I am learning phrases in the French language at the moment and have written a wee Python program that creates a web-page containing these phrases and their English equivalent. I then copy this web-page to my Kindle which I use as flash-cards to memorise them.
I have the program working but I am stuck with part of it where I have to convert certain characters to their HTML Unicode equivalent to allow them to be displayed on the web-page.
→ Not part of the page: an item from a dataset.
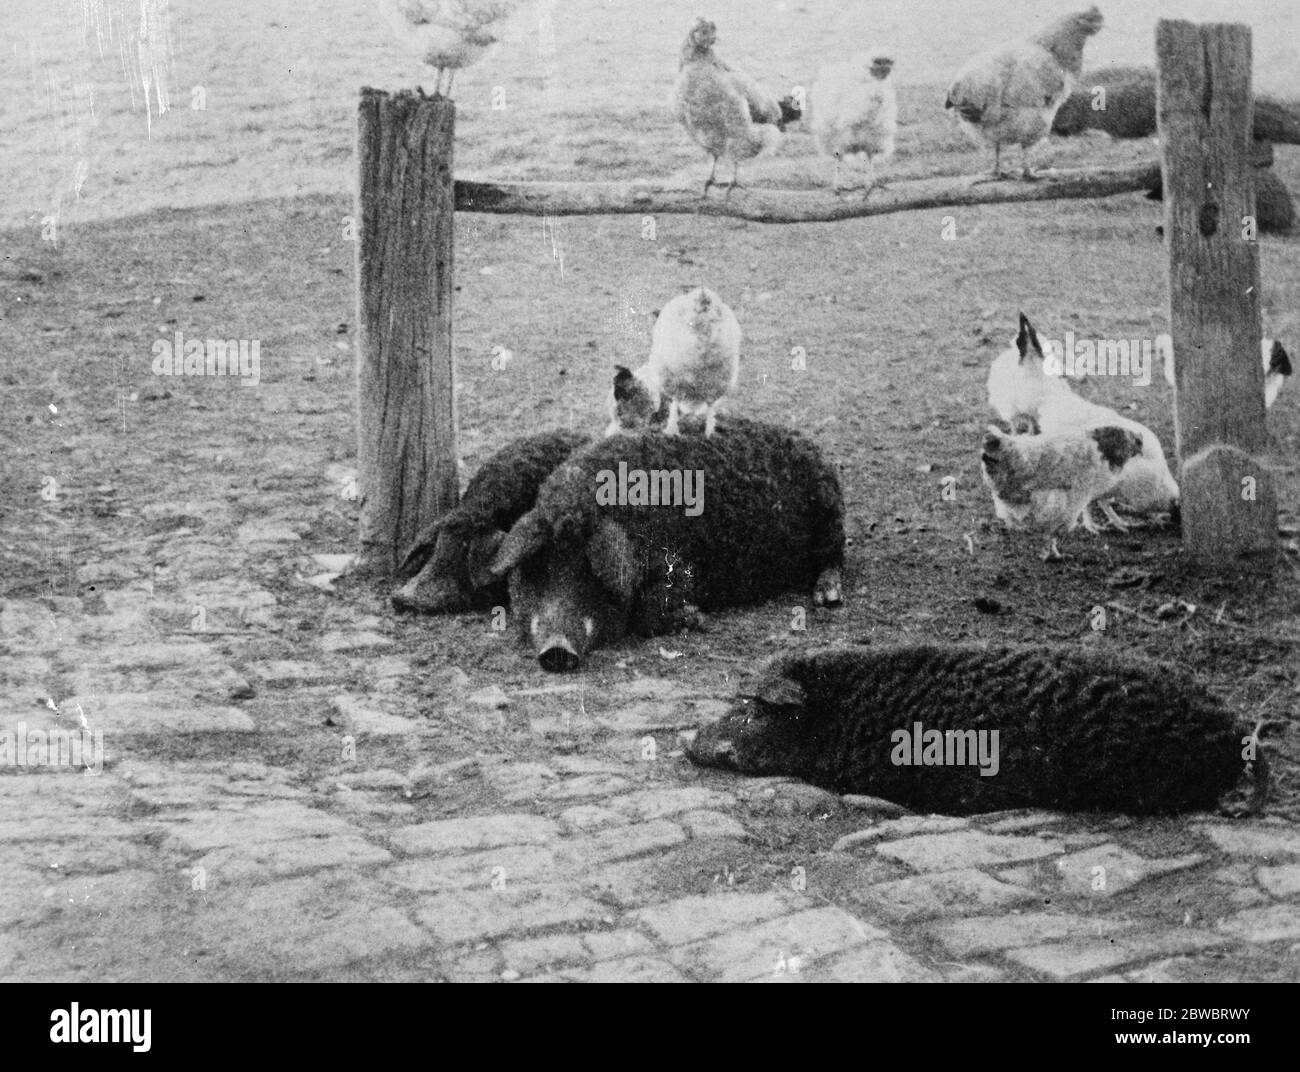 Mesokovesd, Ungheria. Intorno alla capanna di herdsmans ci sono diversi animali domestici . A giudicare dalla posizione della gallina sulla schiena del maiale, i polli e i suini devono essere amichevoli, tranne che all' ora dei pasti. Notare i capelli ricci dei maiali . 1925 Foto Stock

My work-around I have used is to check for unicode characters in each phrase string by converting each character to ASCII using the ord() function. If the first part is 195 I then do a compare with the second part of character against an array which contains these ASCII codes. The code of the particular function is as follows:
Code:
def conv_unicode_str(vocab_str, unicode_arr):
length_str = len(vocab_str)
new_str = ""
x = 0
while x < length_str:
# If current character at pos x is a unicode char
if ord(vocab_str[x]) == 195:
for entry in unicode_arr:
if ord(vocab_str[x +1]) == int(entry[0]):
new_str = new_str + entry[1]
break
# This will skip next char as unicode character is made up of 2 chars
# in string
x = x +2
# Else if normal character then add to string
else:
new_str = new_str + vocab_str[x]
x = x + 1
# return newly created string
return (new_str)
The contents of the unicode file which is copied into an array and used in the above function is as follows:
Code:
# à
160=à
# â
162=â
# ç
167=ç
# è
168=è
# é
169=é
# ì
172=ì
# í
173=í
# î
174=î
# ò
178=ò
# ó
179=ó
# ù
185=ù
# ú
186=ú
I've been googling but I can't an easier way of doing this. Is there a better way of doing this?